J.D.: Kein spezielles Lebensmotto. Am ehesten aber: Man sollte die Dinge auf sich zukommen lassen und versuchen diese dann zum Positiven zu wenden. Wenn etwas schiefgeht, sollte man sich darüber nicht allzu sehr aufregen

Nun zu Ihrer Person. Wo sind Sie geboren, aufgewachsen und zur Schule gegangen?

J.D.: Ich bin 1959 in Paderborn geboren und aufgewachsen, im damals noch selbstständigen Stadtteil Benhausen. Dort bin ich zunächst von 1966 bis1969 zur Grundschule gegangen. Einige mögen sich jetzt fragen warum nur drei Jahre. War der Düsing so clever? Die Antwort ist leider viel einfacher. Damals gab es in Nordrhein-Westfalen zwei kurze Schuljahre, weil das Schulsystem umgestellt wurde. Danach habe ich von 1969 bis 1978 das Gymnasium Theodorianum besucht – aus heutiger Sicht ein altsprachlicher Philosophenhügel mitten in Paderborn.

Welchen Weg haben Sie nach der Schule eingeschlagen und wie gestaltete sich Ihr Lebensweg bis zum Schulleiter der Realschule Heilig Kreuz?
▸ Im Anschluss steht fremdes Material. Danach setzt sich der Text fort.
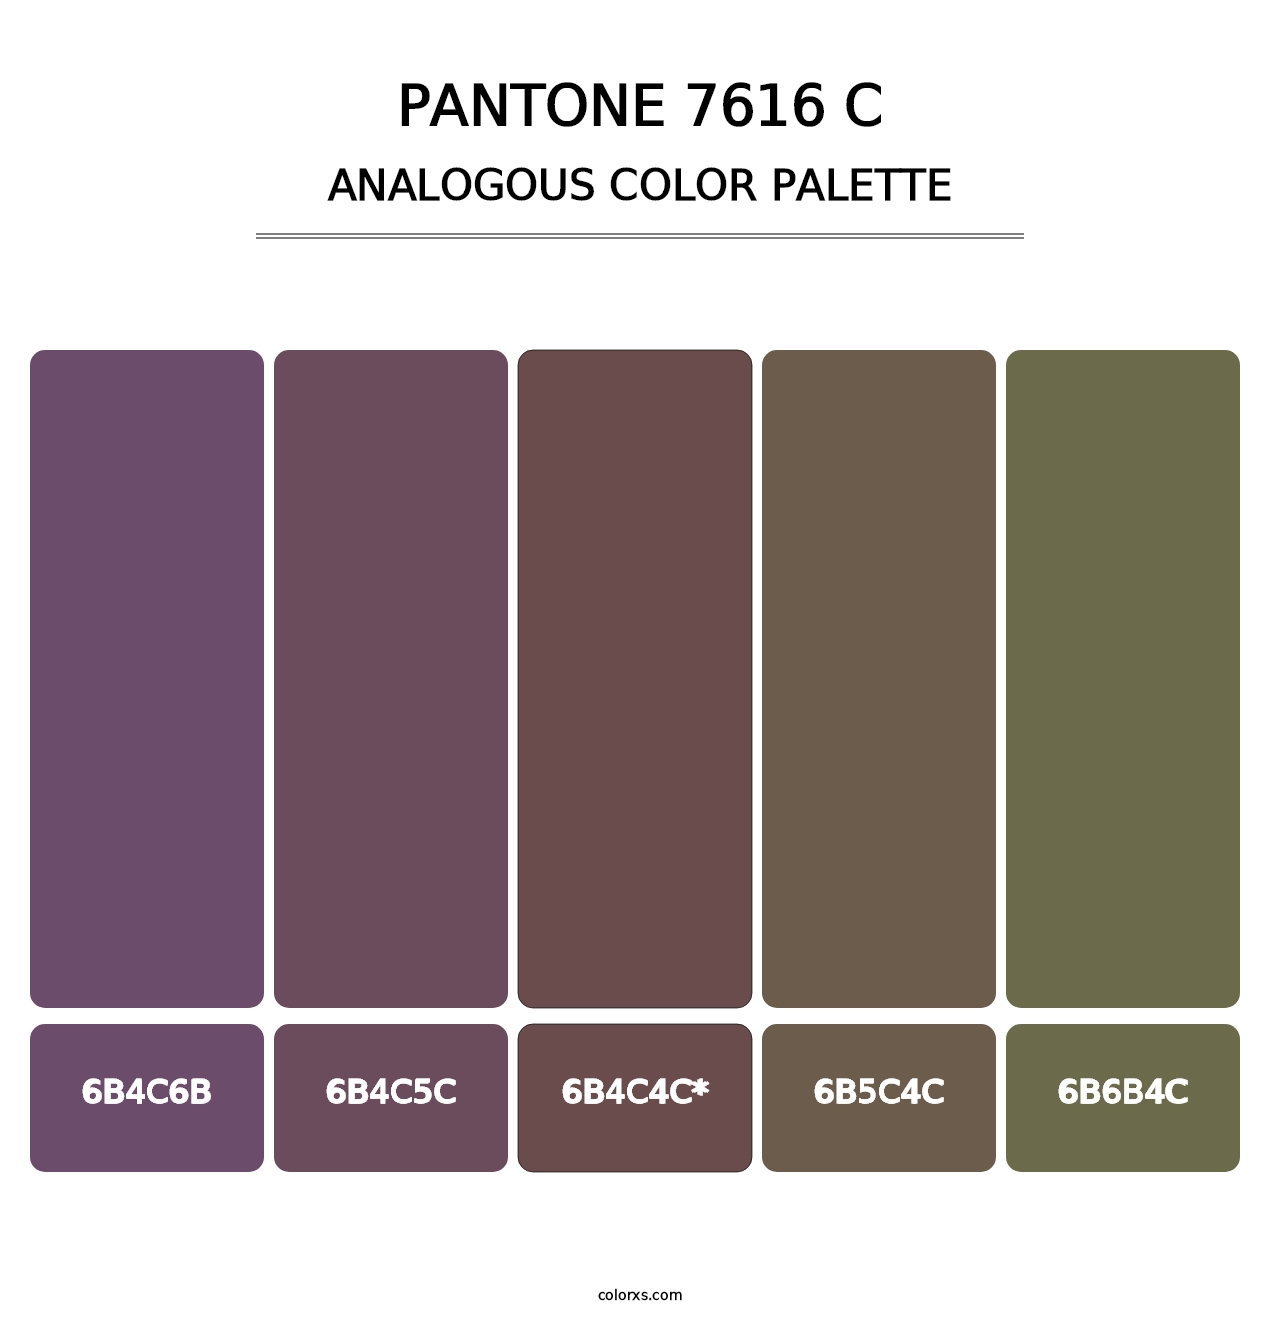 PANTONE 7616 C - Analogous Color Palette
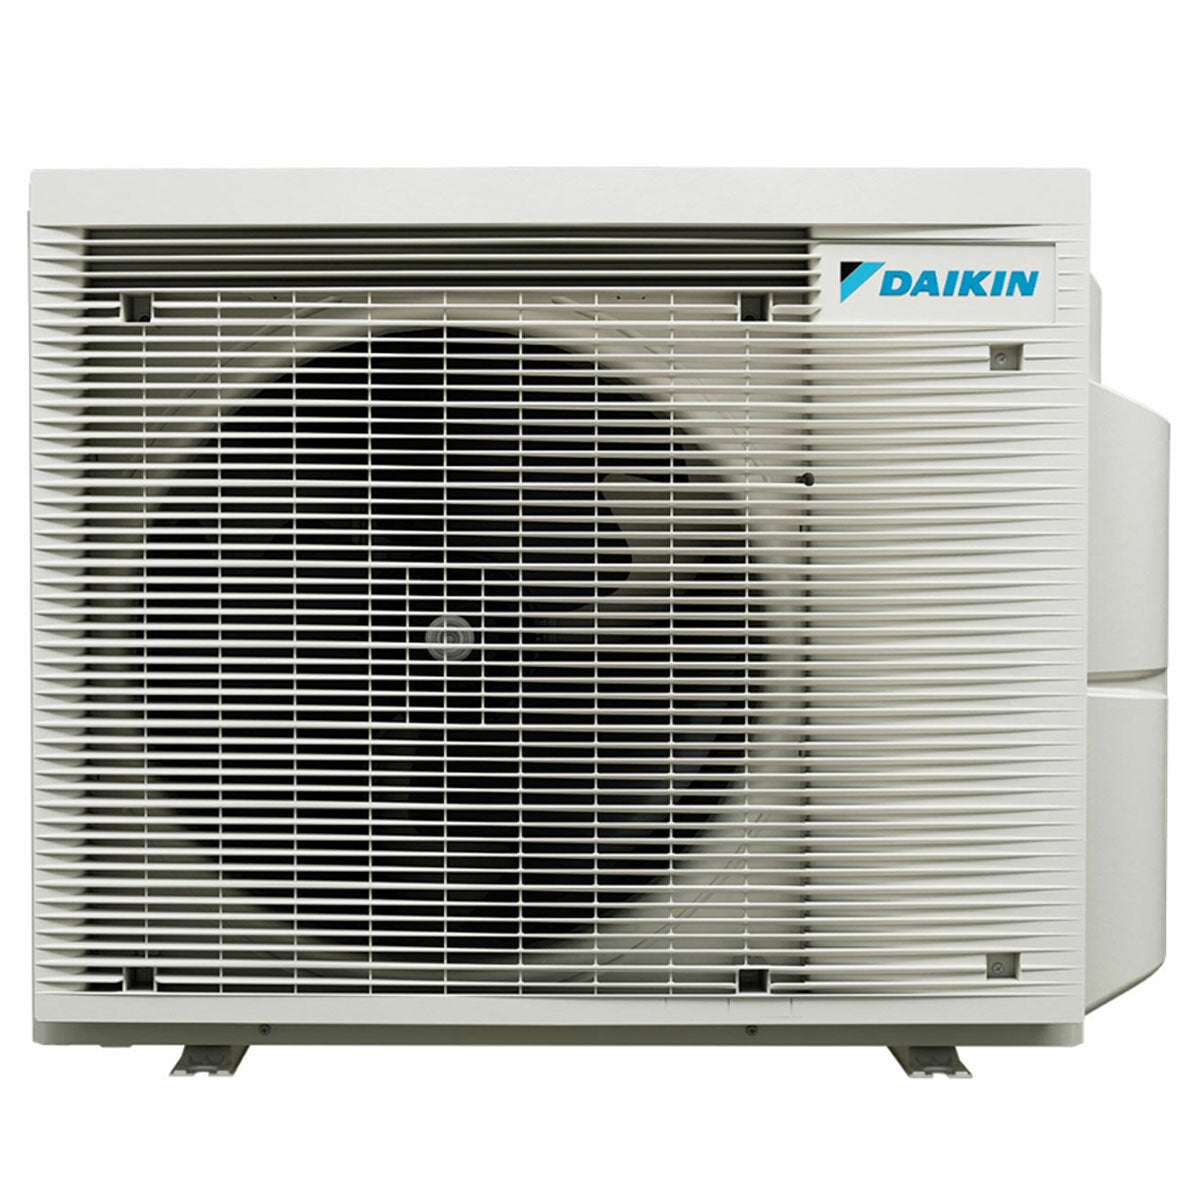 Daikin Emura 3 trial split air conditioner 7000+9000+15000 BTU inverter A++ wifi outdoor unit 5 kW Silver

J.D.: Nach der Bundeswehr 1978/ 79 war ich für drei Jahre an der RWTH Aachen, zuerst mit dem Ziel Diplom-Ingenieur-Elektrotechnik zu werden, aber nach zwei Semestern habe ich auf Gymnasial- Lehramt mit den Fächern Mathematik und Sozialwissenschaften umgeschwenkt. Das Studium habe ich dann ab Herbst 1982 in Paderborn fortgesetzt. Im Anschluss an mein Studium habe ich einen – zumindest für angehende Lehrer – eher untypischen Weg eingeschlagen. Als ich meine Referendarzeit 1988 beendet hatte waren wir als Referendare damals erstmal alle arbeitslos. Lehrer waren bei Weitem nicht so gesucht, wie es heute der Fall ist. Also habe ich danach in der Tief- und Straßenbau- Firma meines Onkels gearbeitet und nebenbei weiter Informatik studiert. Drei Tage Bau und anderthalb Tage Informatik. Im Frühjahr 1989 bin ich dann als technischer Redakteur bei Siemens in Hannover eingestellt worden und habe dort für zwei Jahre gearbeitet, bis mich ein guter Freund, der hier in Donauwörth gelandet war, auf die Realschule Heilig-Kreuz aufmerksam gemacht hat. Die Schule suchte damals Mathelehrer. Also wurde ich beim damaligen Schulleiter Pater Karg vorstellig und habe nur wenig später hier an der Schule angefangen.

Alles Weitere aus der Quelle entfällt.